What you will do – Images excepted, the data below must be repeated exactly.

Collected data –
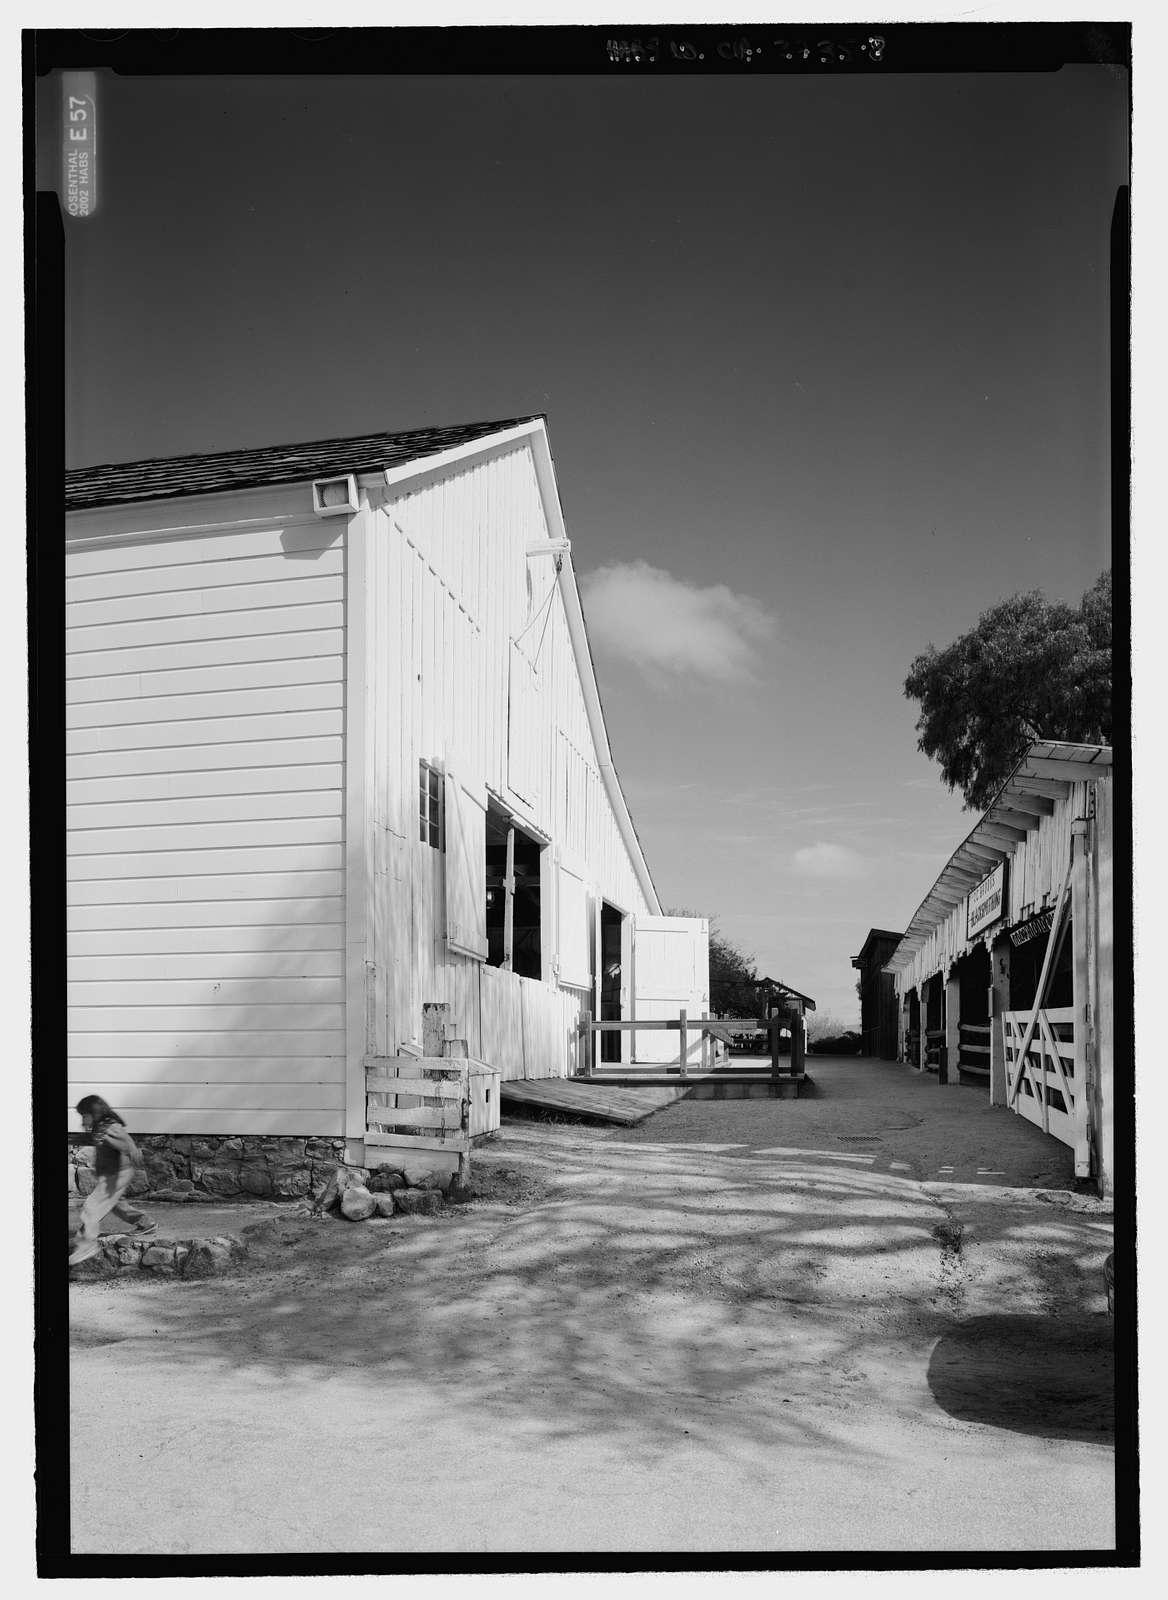 Livery-Plaza Stable, San Juan Bautista, San Benito County, CA
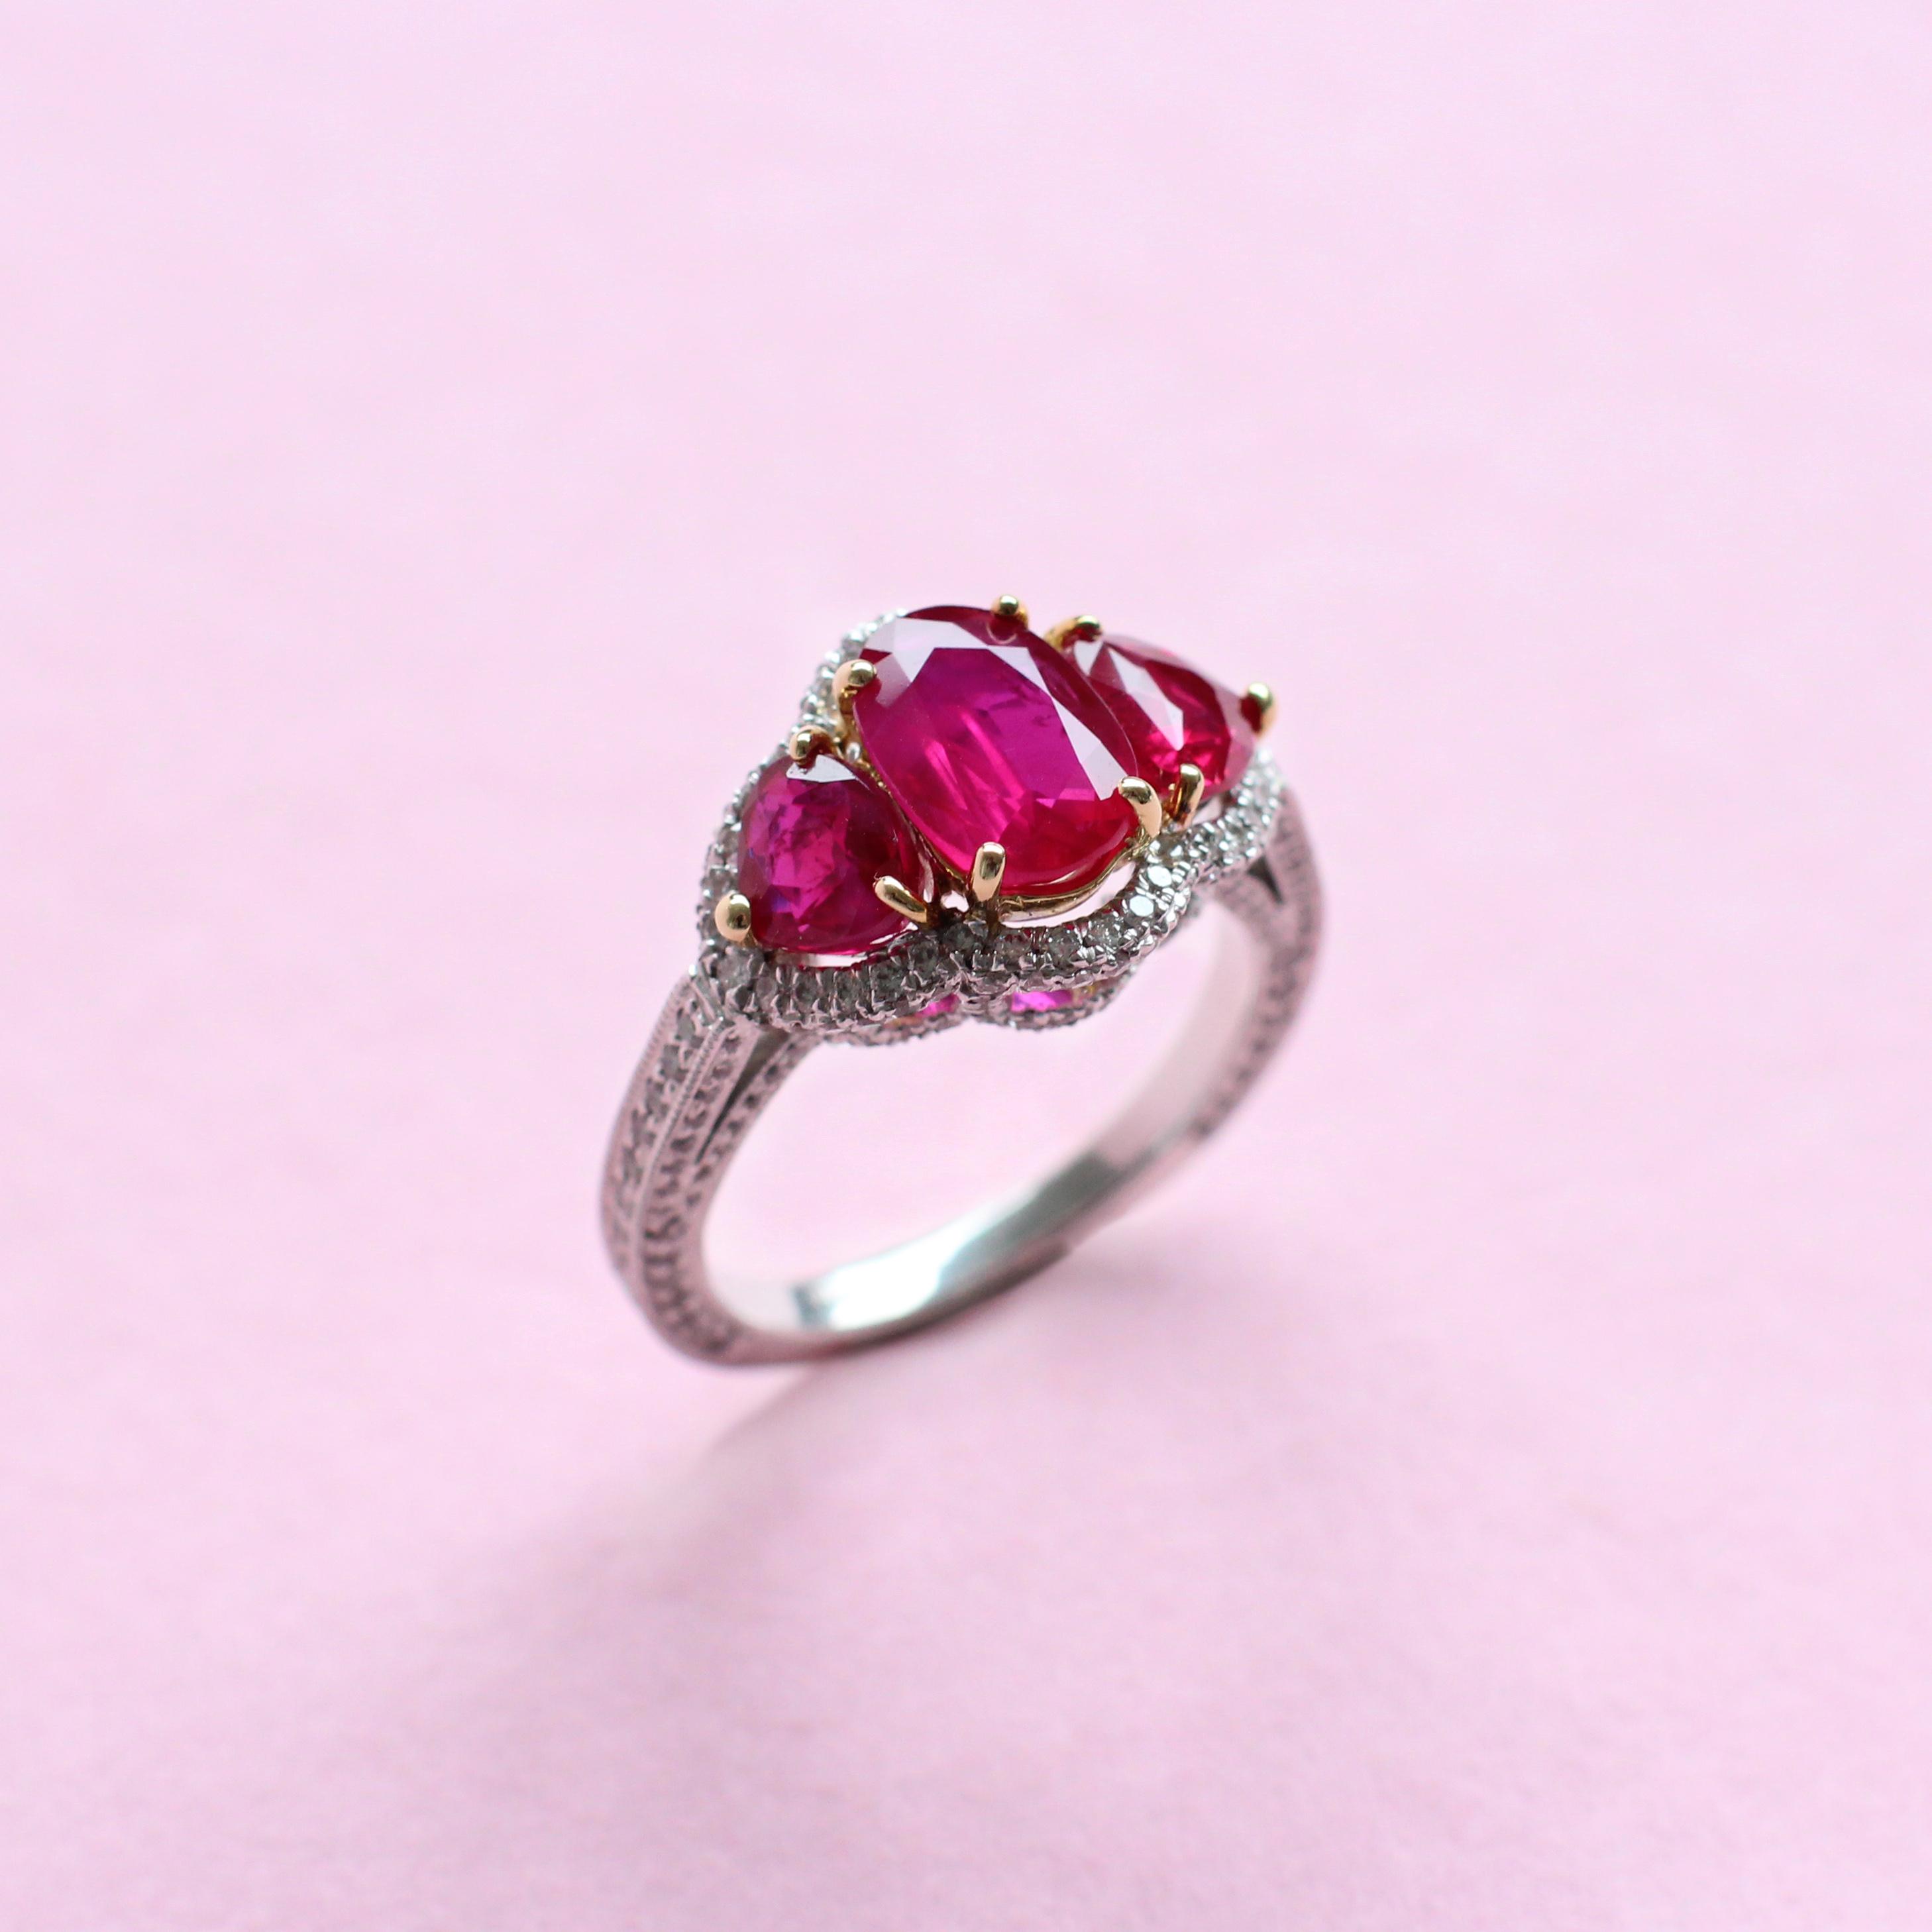 ruby three stone ring with white diamond surround
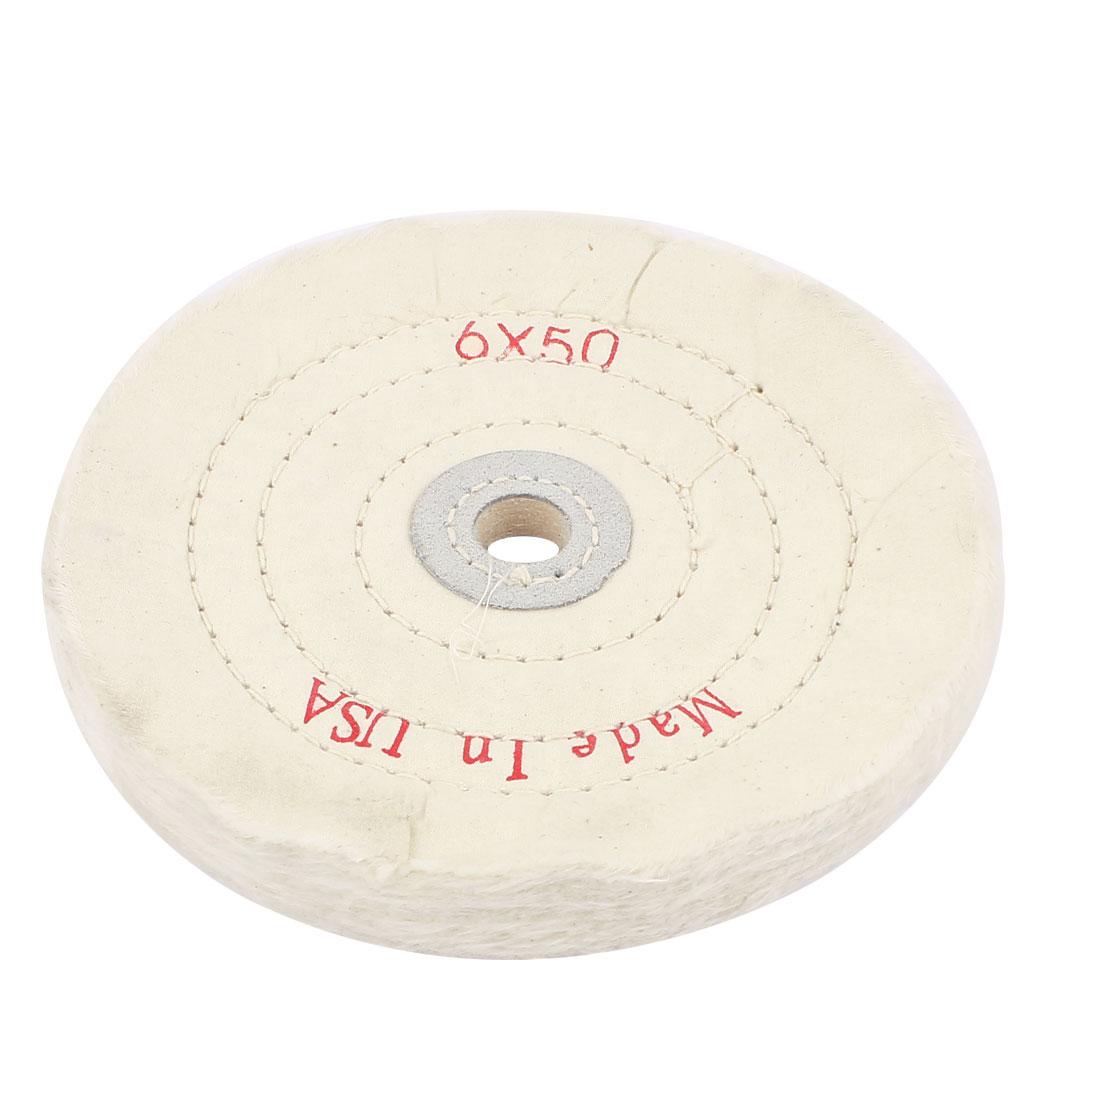 "5/8"" Arbor Hole 6"" x 50-Ply Soft Cotton Muslin Full Sewn Polishing Wheel"

Solution to this problem –
 Livery-Plaza Stable, San Juan Bautista, San Benito County, CA
 ruby three stone ring with white diamond surround
 "5/8"" Arbor Hole 6"" x 50-Ply Soft Cotton Muslin Full Sewn Polishing Wheel"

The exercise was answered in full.